*WORK INSTRUCTIONS:* Starting at the line that contains "solving linear differential" and stopping after the line that contains "Copper washer for", transcribe the listing below exactly; do not include any pictures.
*** Opening of INFORMATION SHOWN ***
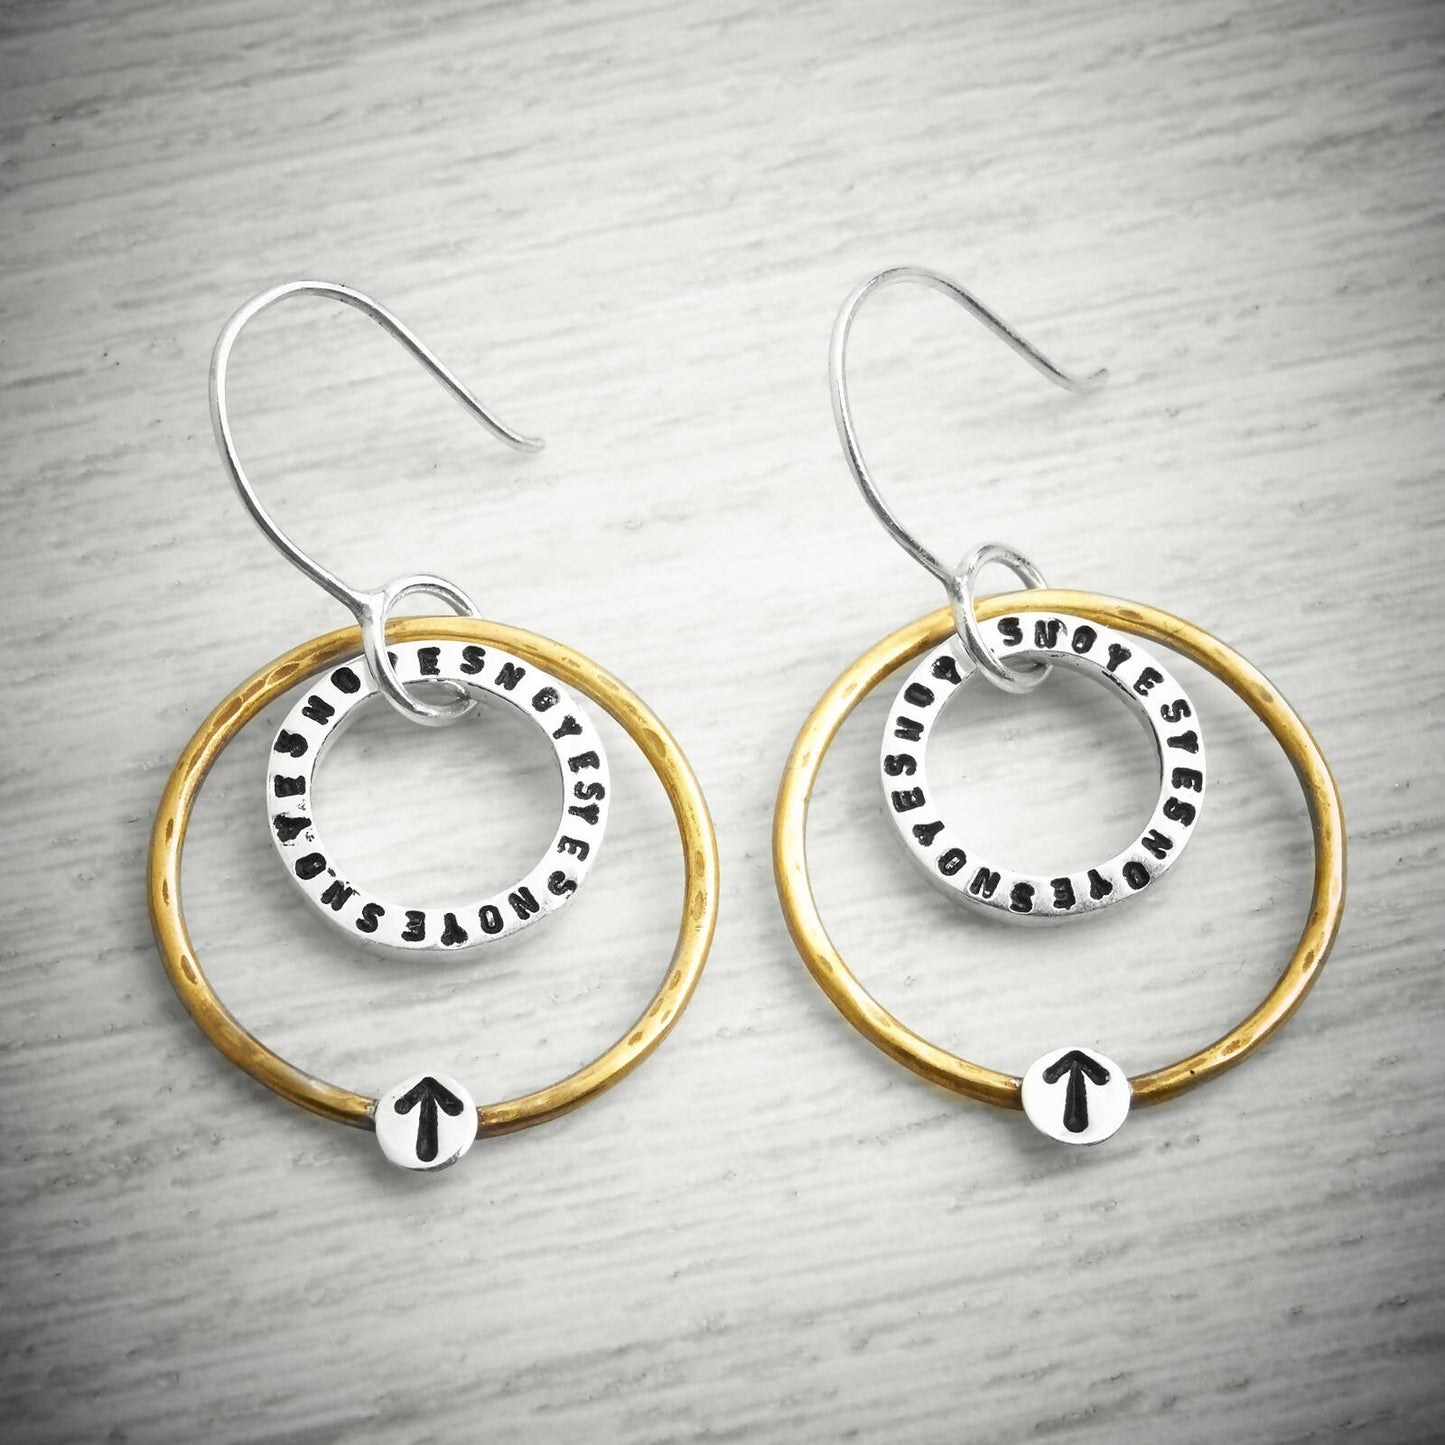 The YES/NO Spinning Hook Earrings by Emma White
*** Close of INFORMATION SHOWN ***
*** Opening of INFORMATION SHOWN ***
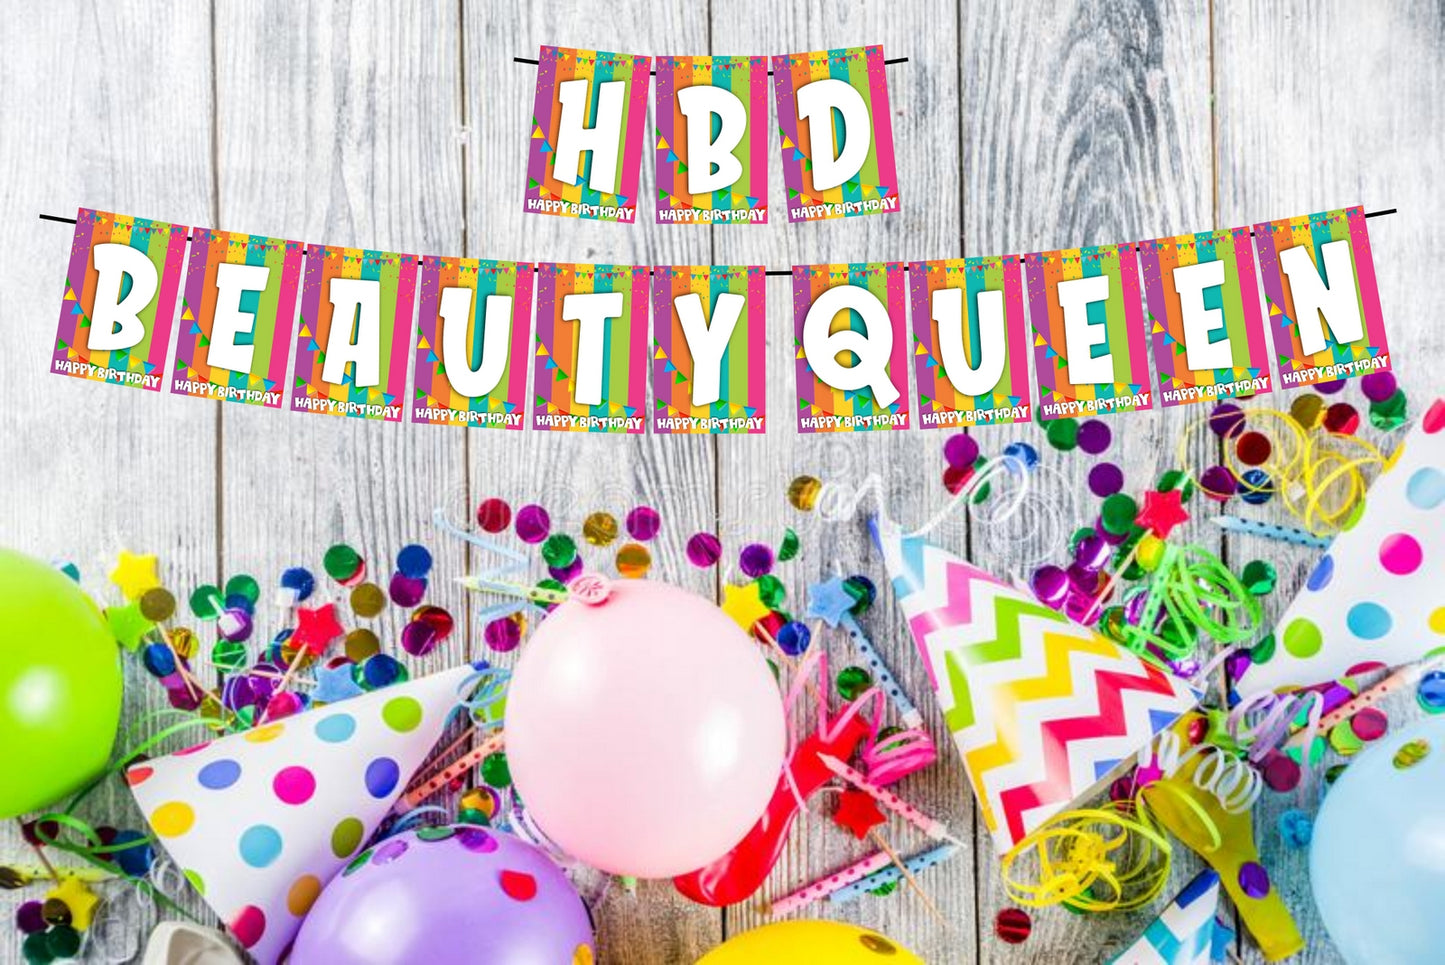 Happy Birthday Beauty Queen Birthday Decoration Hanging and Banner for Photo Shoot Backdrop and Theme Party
*** Close of INFORMATION SHOWN ***
*** Opening of INFORMATION SHOWN ***
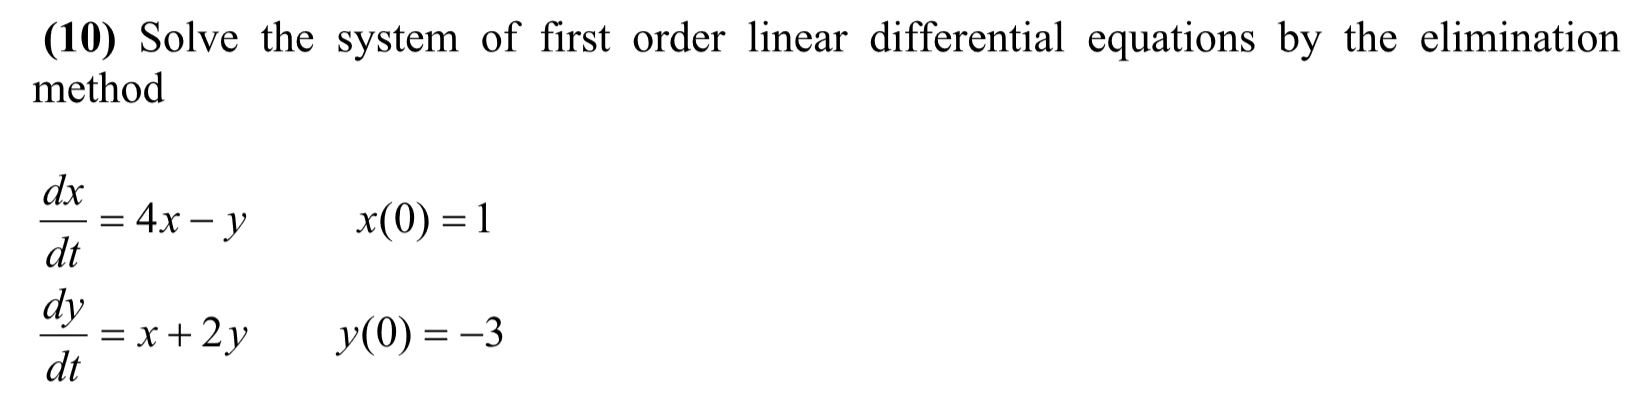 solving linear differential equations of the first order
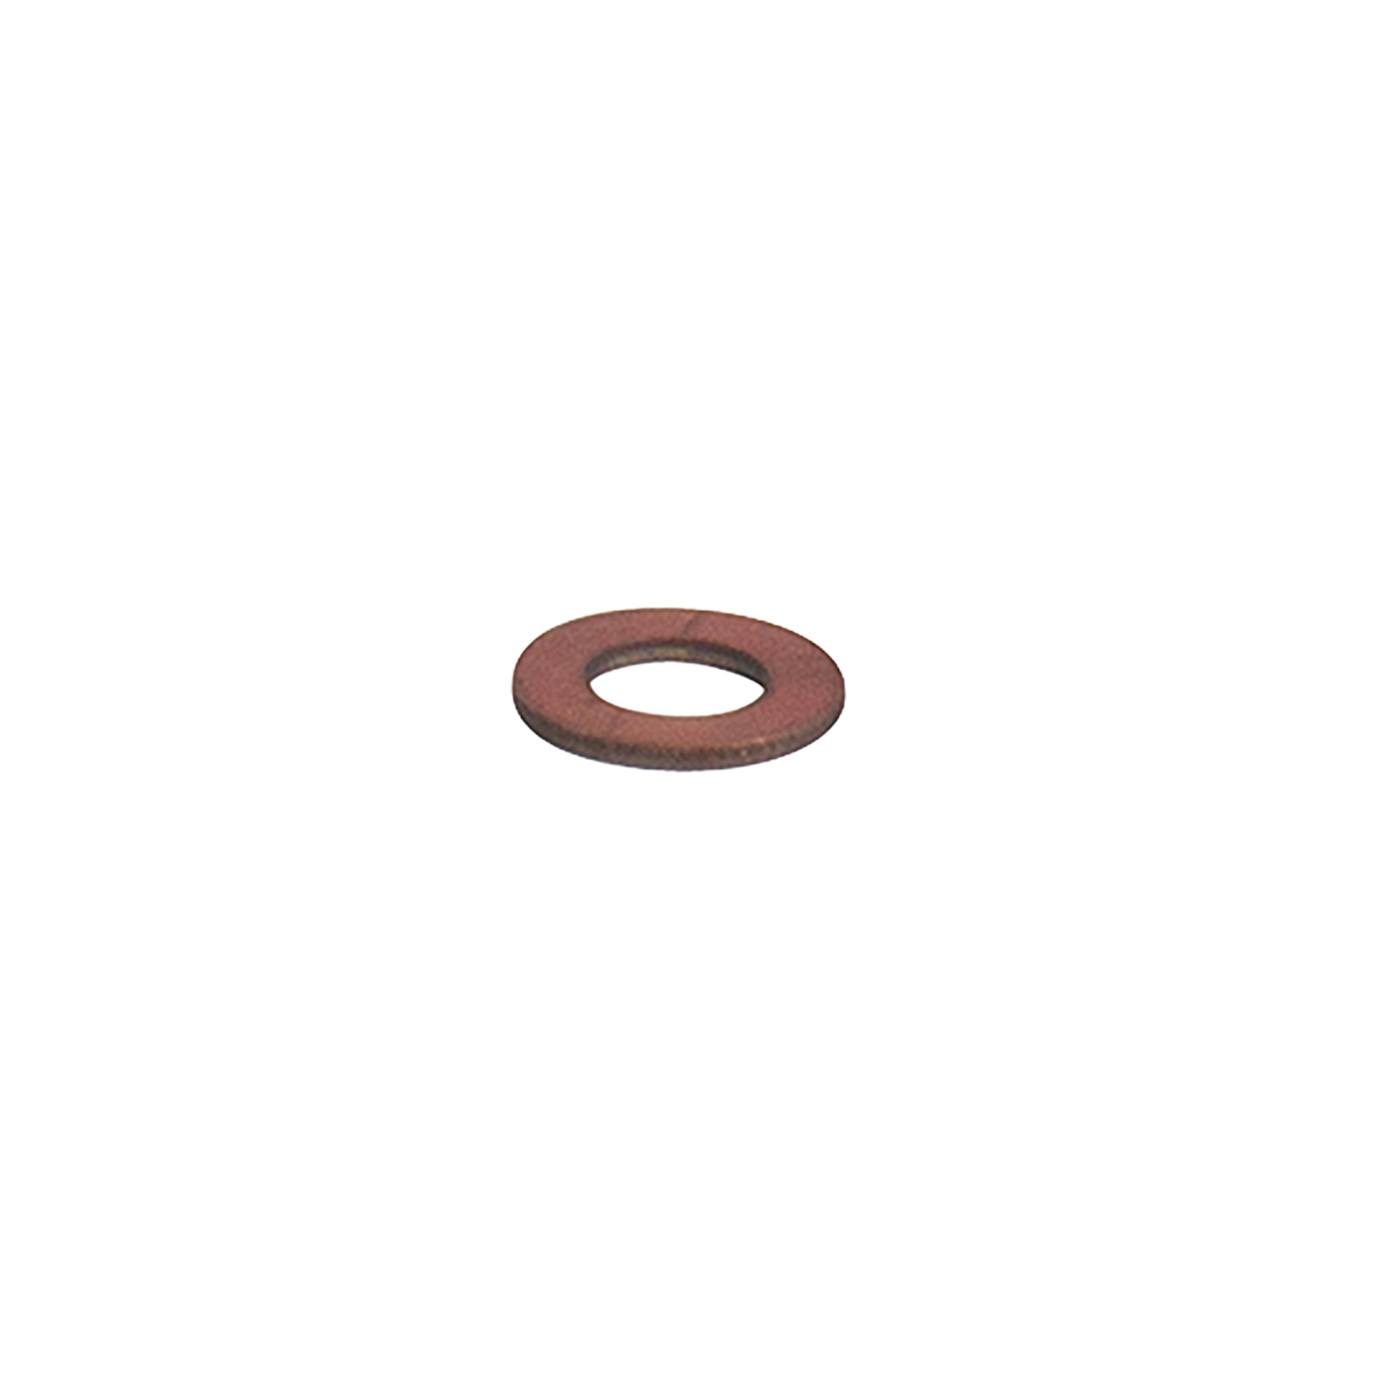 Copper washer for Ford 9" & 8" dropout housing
*** Close of INFORMATION SHOWN ***
*FINISHED TASK:*
 solving linear differential equations of the first order
 Copper washer for Ford 9" & 8" dropout housing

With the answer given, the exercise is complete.